The other trait is being able to admit you made a mistake. Many Doms seem to think they cannot make - much less admit - a mistake. Everyone makes them. Everyone. There is no Doctrine of Dominant Infallibility. The ability to admit error, gracefully and without making excuses, is critical to the development of a Dom into a Master. Take this to the bank.
Now onto the requirements I feel one would need to get my accreditation as a BDSM Master, if such an accreditation existed.
One must be knowledgeable in BDSM and D/s. If there were a written test, it goes without saying that a Master would know every term in our BDSM Dictionary. A Master should have read a lot about BDSM on this site. Although I am talking about becoming a real-time Master, I believe one can learn a lot from online chat. This is a great way to exchange ideas and refine your BDSM thinking. There are great chat rooms on IRC/bondage.com. And don’t forget our Forums where bondage.com members post their personal experiences and opinions. I have included a Book List where the best BDSM books are listed. The more you read, the more you know. And reading is still the best way to understand the mental dynamics of the Master/slave relationship - which is what a Master must have an understanding of.
Real-time experience is crucial. Even if one knows everything book-wise, he/she is still not a Master. I would think that a few years experience in the lifestyle would be necessary. It has been said that the best Dominants have had experience as a submissive. This is open to debate. But what is not open to debate is that real-time BDSM and D/s experience is essential. It is one thing to know things theoretically - let’s say by extensive reading, online chatting and participating in our Forums - but there is nothing like "hands on" experience. (And in BDSM, "hands on" can be a lot of fun!)
A Master should have mastered (there is that word again!) many essential real time BDSM skills. At the very least, a Master should know how to do rope bondage, should know proper and safe flogging-caning-cropping-paddling-spanking techniques, and know how to use most BDSM equipment (like the Saint Andrews Cross) safely and skillfully. A Master should know how to put a submissive into subspace and provide the proper aftercare. Although some Masters eschew public play, a Master should have gone to a bunch of play parties to get a feel for what others in the lifestyle are up to. Observing others at play parties - and joining local BDSM groups in your city and meeting others in the lifestyle - is the best way to learn these techniques.

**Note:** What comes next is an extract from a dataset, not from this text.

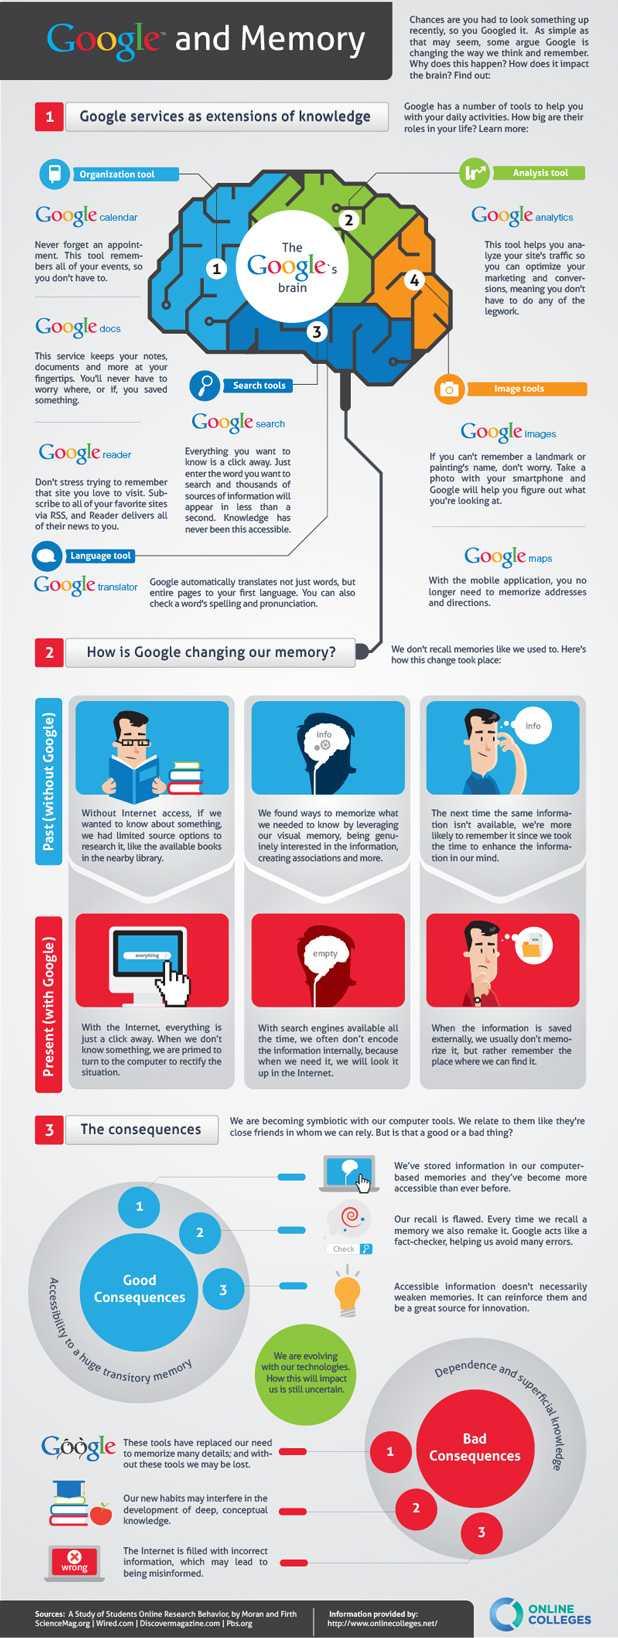 Google ne distruge memoria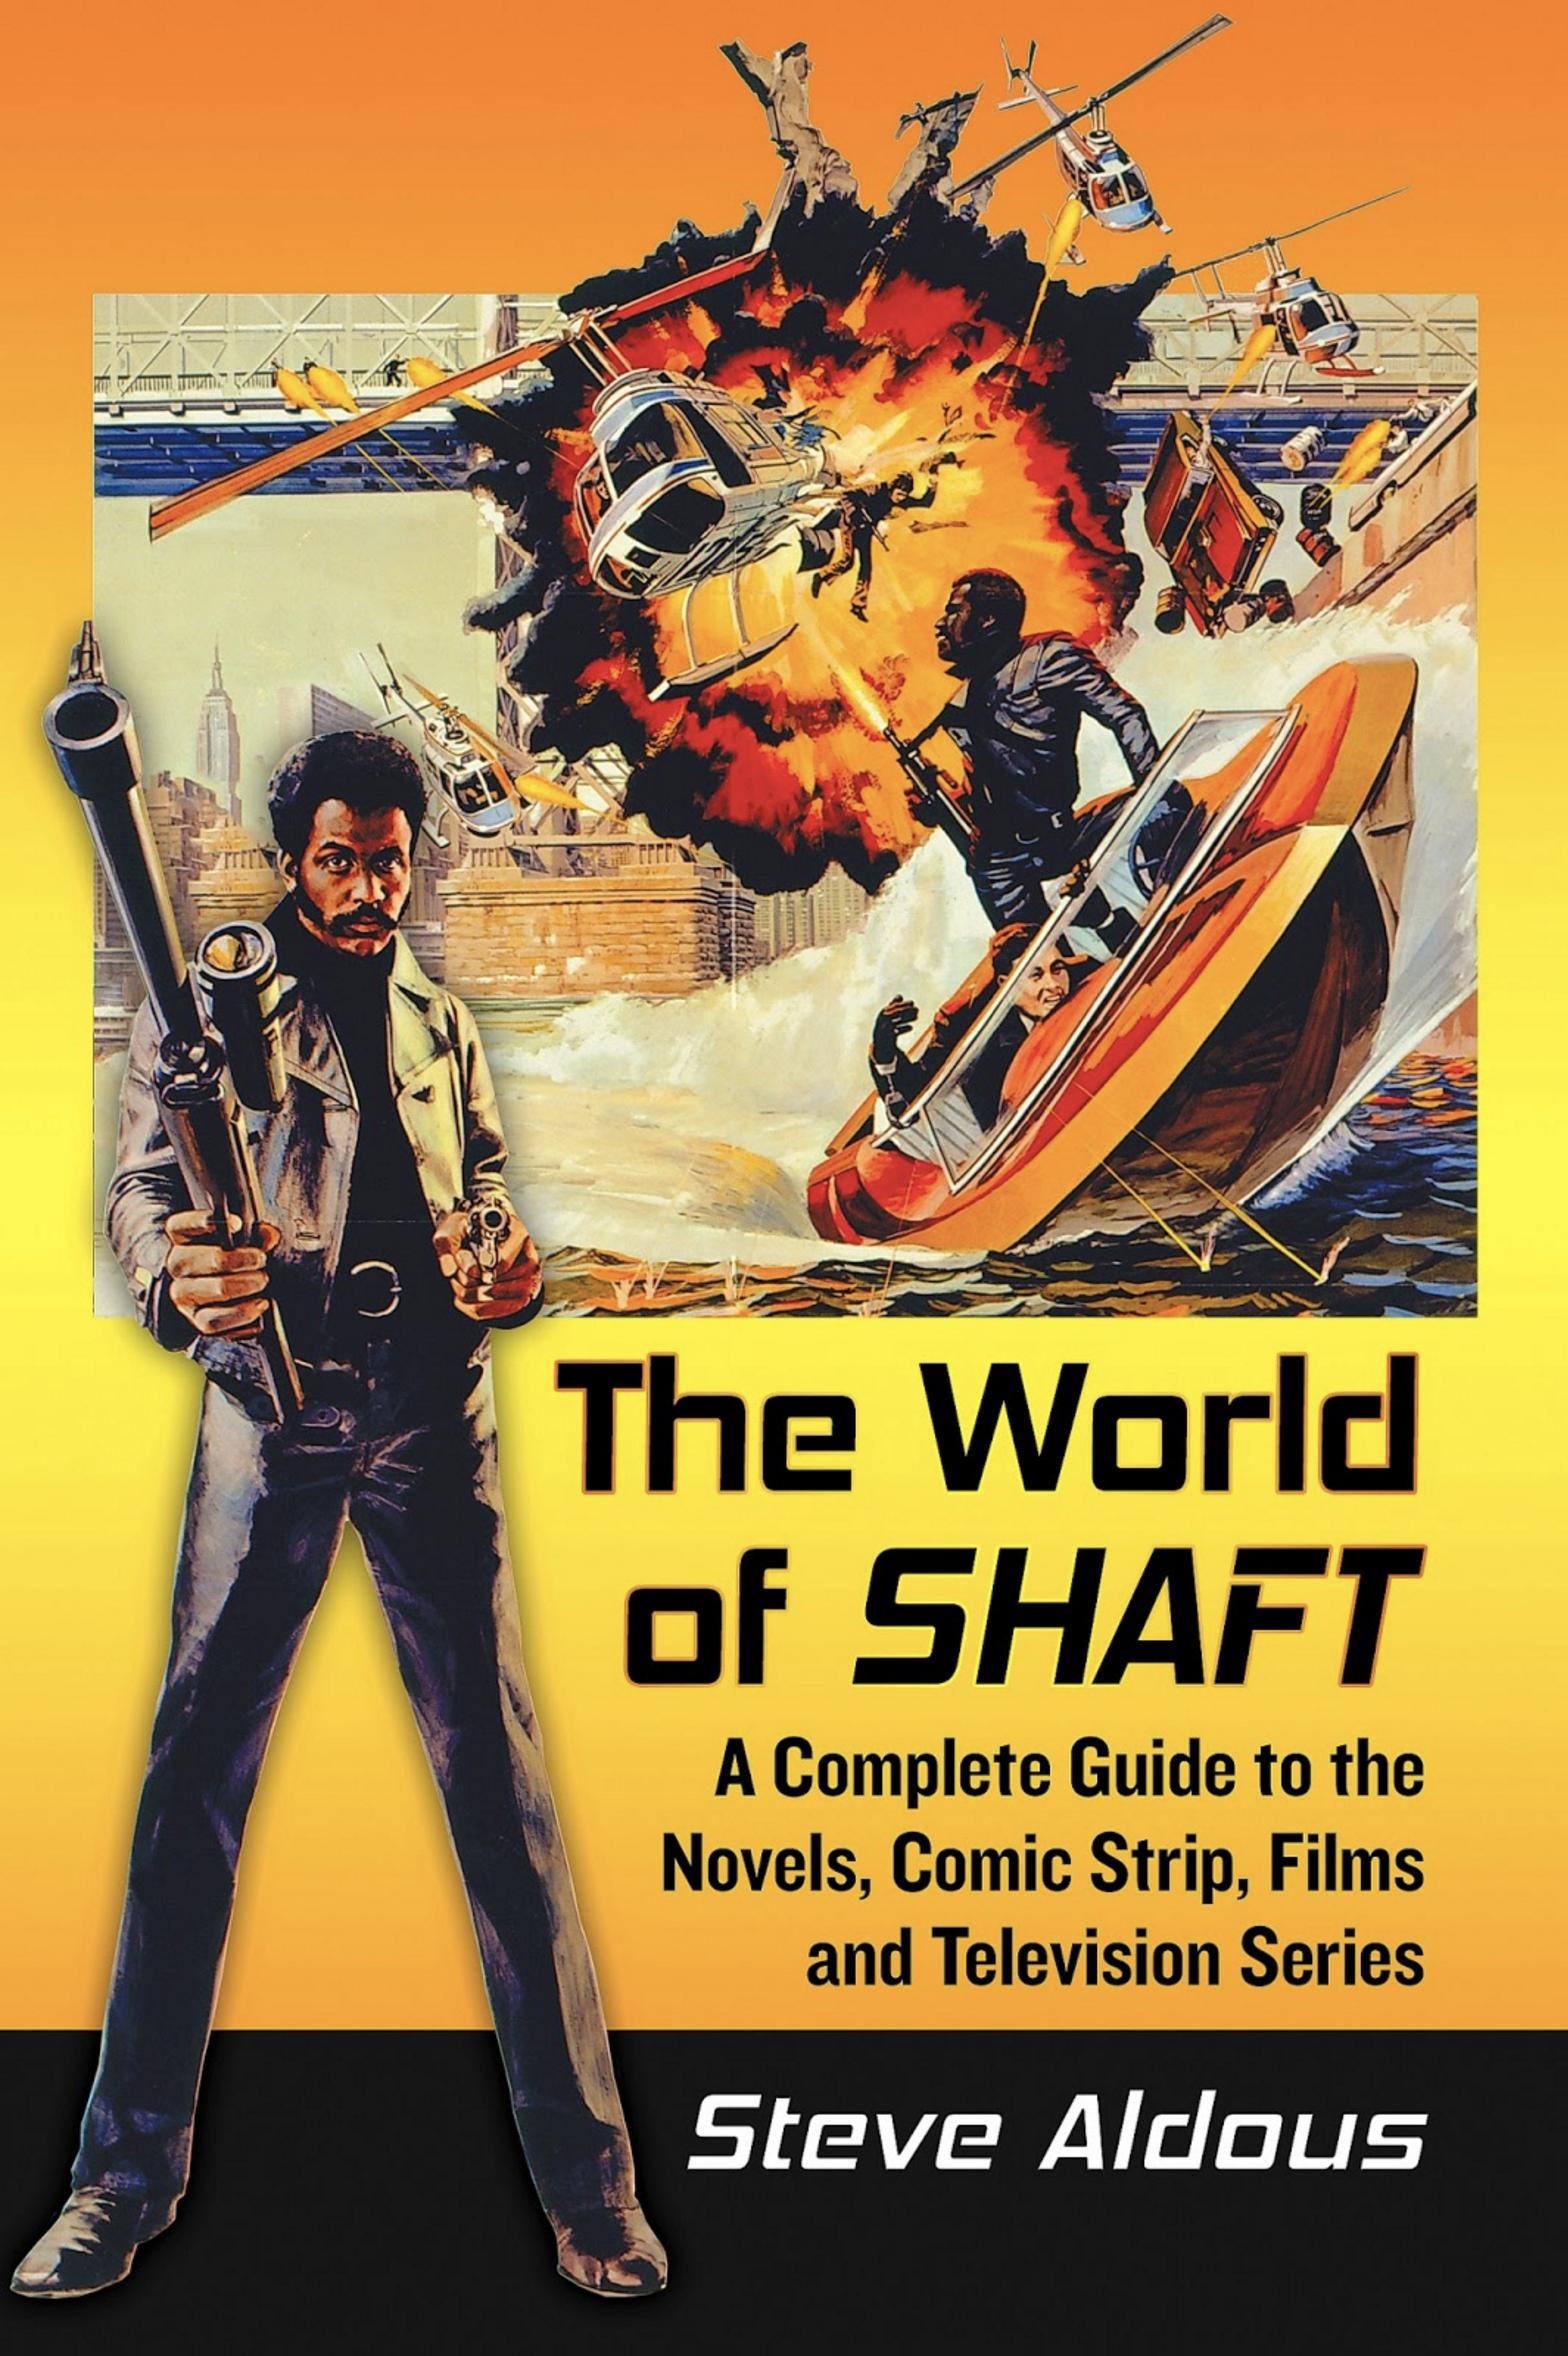 world-of-shaft

I think a Master should have at least one specialty that he is truly an expert in. It might be fire play, rope suspension, wielding a single tail whip, Japanese rope bondage, mummification, cupping or any one of a myriad of BDSM skills. In this way, the Master not only earns respect from his/her peers, but can also teach these skills to others on their road to becoming a Master. Obviously, no one can be an expert in all areas. But a Master should strive to keep learning.
Finally, a Master should always practice safe sex and safe play. Keep in mind that becoming a Master is not a destination but a step in the BDSM journey. A fun journey.